Kogan, Felix Felix-Kogan at deshaw.com
Thu Aug 31 15:01:49 BST 2006


Thanks for the prompt and detailed answer, Andreas. I hope the fixes for
the bugs you mentioned will arrive soon.

A note regarding the possible fix for the failed gdi request problem:
I've noticed that static threshold are rarely a satisfactory solution.
They inevitably end up just throttling the system without real need. In
our case, where would I set the threshold? At 200 messages in the queue?
At 600? It would require an extensive research, turning on profiling and
other such interesting but time-consuming efforts. And everything would
need to be done again if, for example, hardware or software platform
qmaster runs on changed.

I think the algorithm should be subtler than that. I think it should
analyze the average time of request processing (they are FIFO, I
assume?) and start reporting overloading errors when that time grows to,
say, 0.75 of the shortest known timeout (I assume qmaster would know all
timeouts set up).
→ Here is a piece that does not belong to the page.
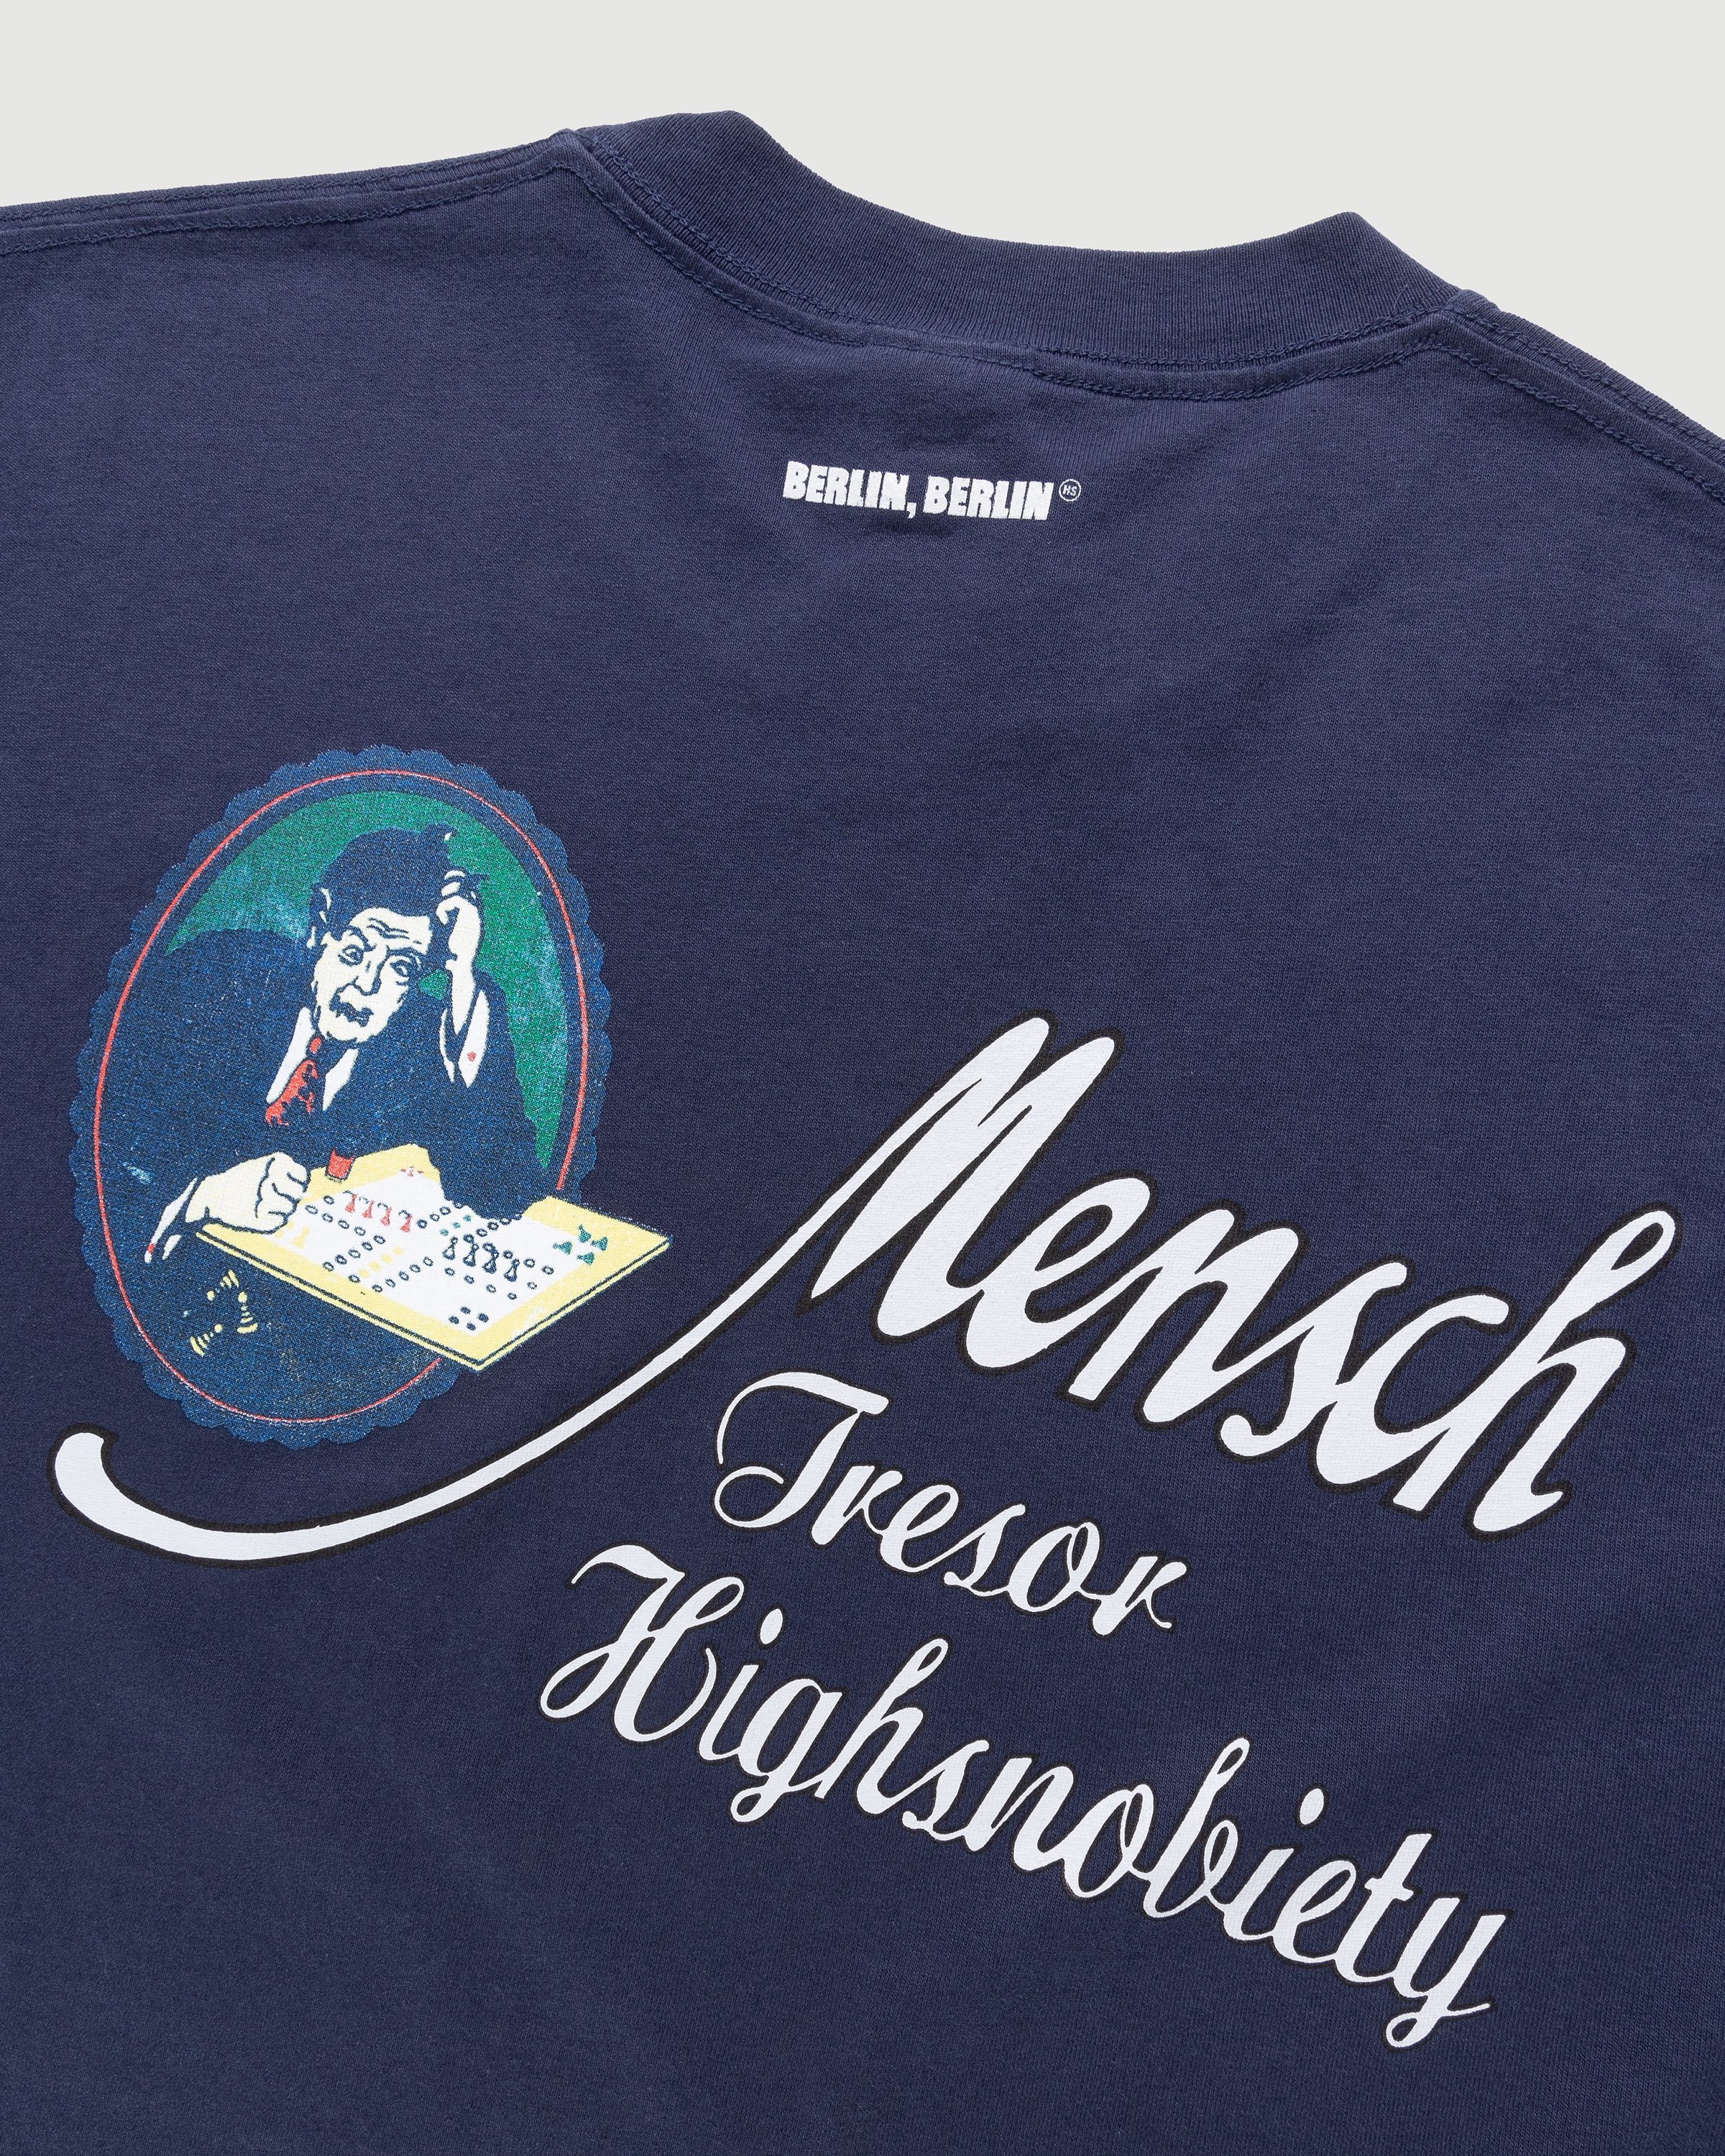 Tresor x Highsnobiety - BERLIN, BERLIN 3 Mensch T-Shirt Navy - Clothing - Navy - Image 4

In such case everything will be resolved
automatically.


Thanks, 

Felix


-----Original Message-----
From: Andreas.Haas at Sun.COM [mailto:Andreas.Haas at Sun.COM] 
Sent: Thursday, August 31, 2006 8:16 AM
To: users at gridengine.sunsource.net
Subject: RE: [GE users] Failed receiving gdi request


Hi Felix,

On Wed, 30 Aug 2006, Kogan, Felix wrote:

> What I would really like to know: does receiving this error message
> ("failed receiving gdi request") _always_ mean that the requested
action
> (job submission, qmod action, qstat request) didn't go through? Is a
> situation when the job has actually been submitted by qsub (i.e.
landed
> in the pending queue), but qsub reported gdi request error, possible?
If

It is possible. The "failed receiving gdi request" message 
always means the client did wait for a reply on a request that
was accepted by qmaster, but the reply wasn't delivered within a 
timeout of 10 minutes or so.

> it is not possible, a reasonable workaround would be to retry the
> requests (e.g. qsub command execution) until succeeded. If it is
> possible, the retrying approach wouldn't work, as we inevitably will
end
> up with duplicate submissions.

It is true, that this problem exists.

The problem is that overloaded qmasters can never entirely be ruled 
out. That means it is necessary to improve behaviour of Grid 
Engine in such situations. In the concrete case you describe
above the improvment would be that qsub(1) doesn't fail somehow,
but instead returns an error indication telling you that qmaster 
is overloaded and submission failed for that reason. I believe 
this could be achieved by enhancing qmaster in a way that incoming
requests are not accepted anymore when a certain threshold of 
pending messages in read buffer is exceeded. If the client would
then get a notification about the rejected request this would be
the situation where error code 25 would be returned by qsub(1), 
very much as in cases when sge_conf(5) max_jobs limit is reached.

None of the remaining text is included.